Most of these students seek to make works of optical fidelity and technical virtuosity animated by their unique creative imaginations. At the heart of this enterprise is close observation of the world, encompassing portraits, figures, animals, plants, inanimate objects, landscapes, cityscapes, interiors, and imaginings of other worlds, both historical and invented. These students are remarkably knowledgeable about their forerunners, be they classical, Renaissance, Baroque, or 19th-century. That’s because they are undertaking what architects call adaptive re-use: the most interesting of their pictures are not antiquarian, yet clearly informed by past achievements.

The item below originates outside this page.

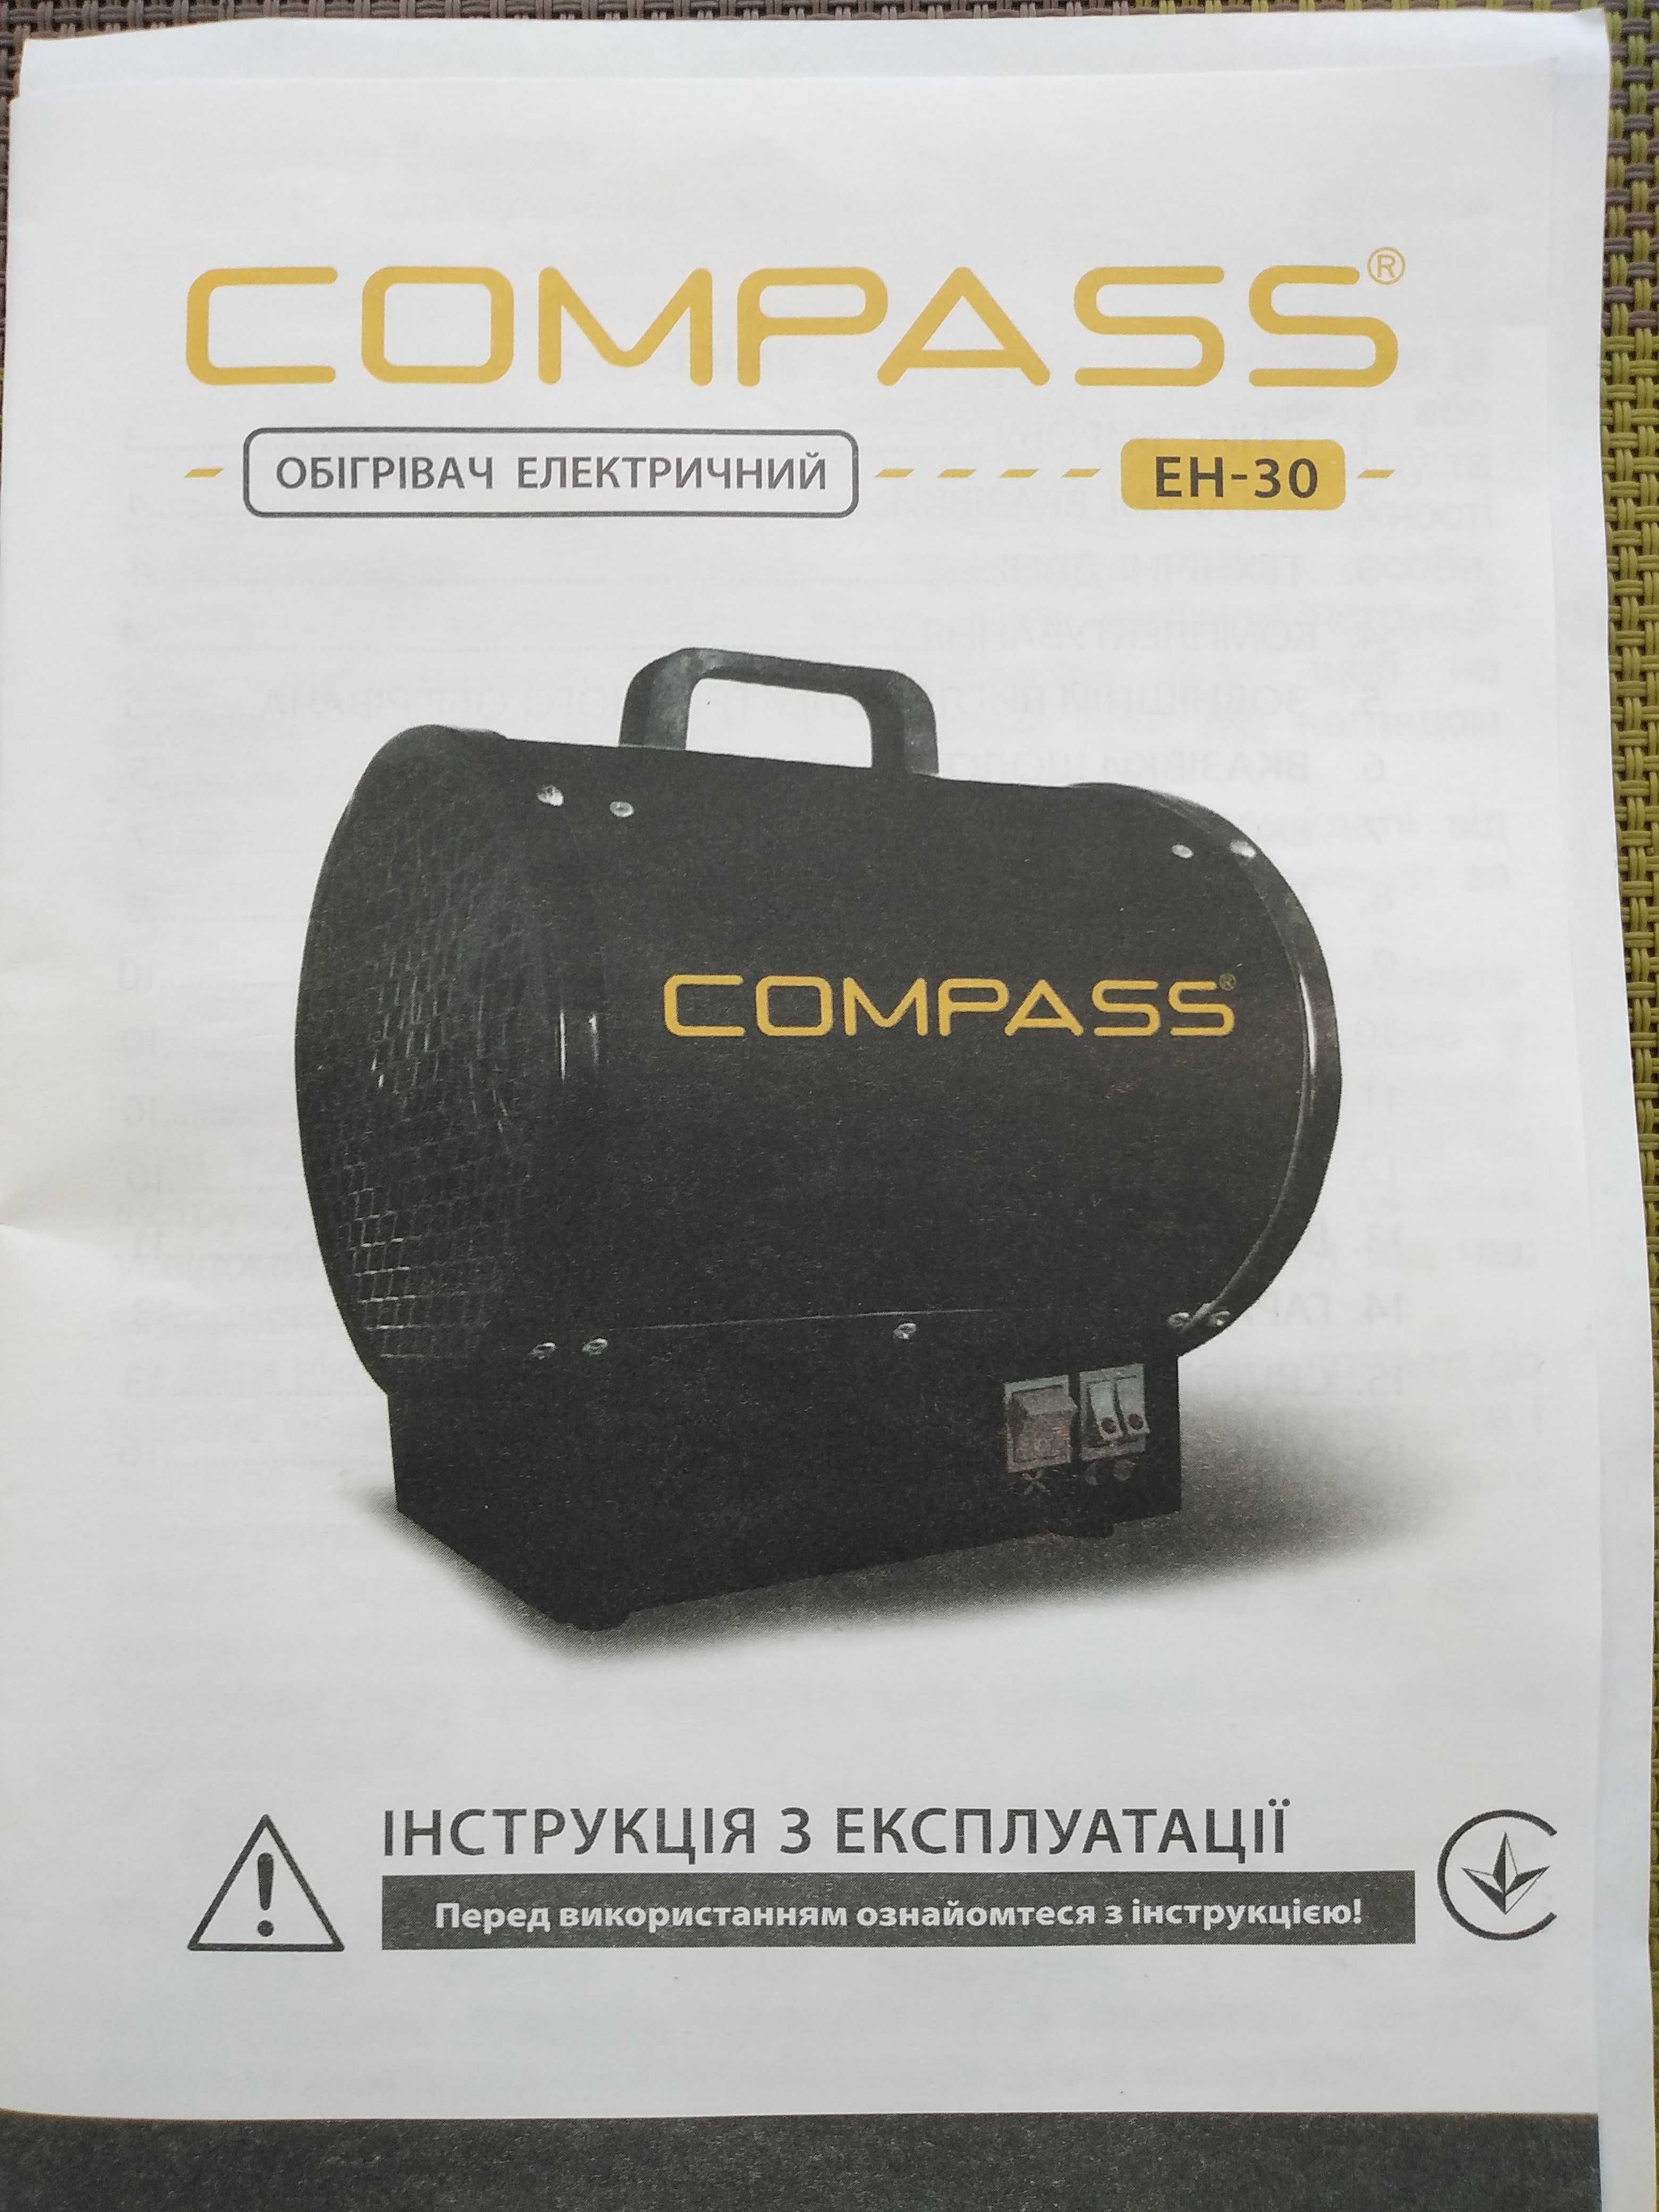 Обігрівач електричний ЕН-30 COMPASS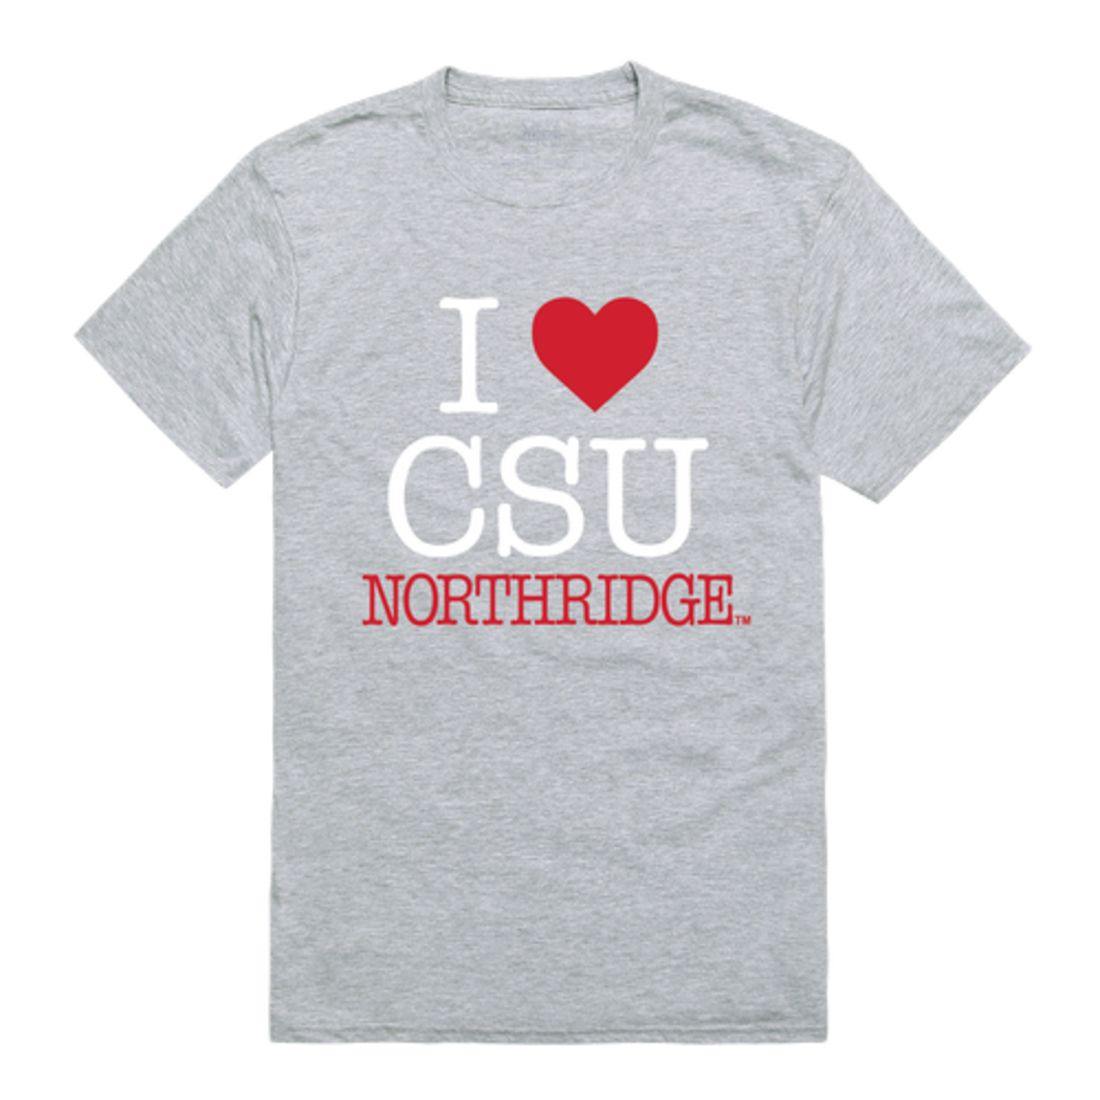 I Love CSUN California State University Northridge Matadors T-Shirt-Campus-Wardrobe

The single most important stimulus of the boom in atelier enrollment worldwide is the Internet, which has revolutionized the dissemination of imagery and commentary. Art-minded people in their teens and 20s have grown up surfing the web, zooming in on high-resolution images that museums have digitized from their permanent collections, and bookmarking the websites of favorite artists and galleries. Resources such as the Art Renewal Center, Google Images, Flickr, YouTube, and Wikipedia are updated continually, while thousands of blogs, chatrooms, listservs, and Facebook pages allow enthusiasts around the world to exchange ideas informally and ask how specific works were made. Newly created ones are promptly uploaded and commented upon, and links to unfamiliar images and commentaries are shared speedily. Information about these ideas passes from student to student through word of mouth, and through testimonials on web sites, blogs, and Facebook pages.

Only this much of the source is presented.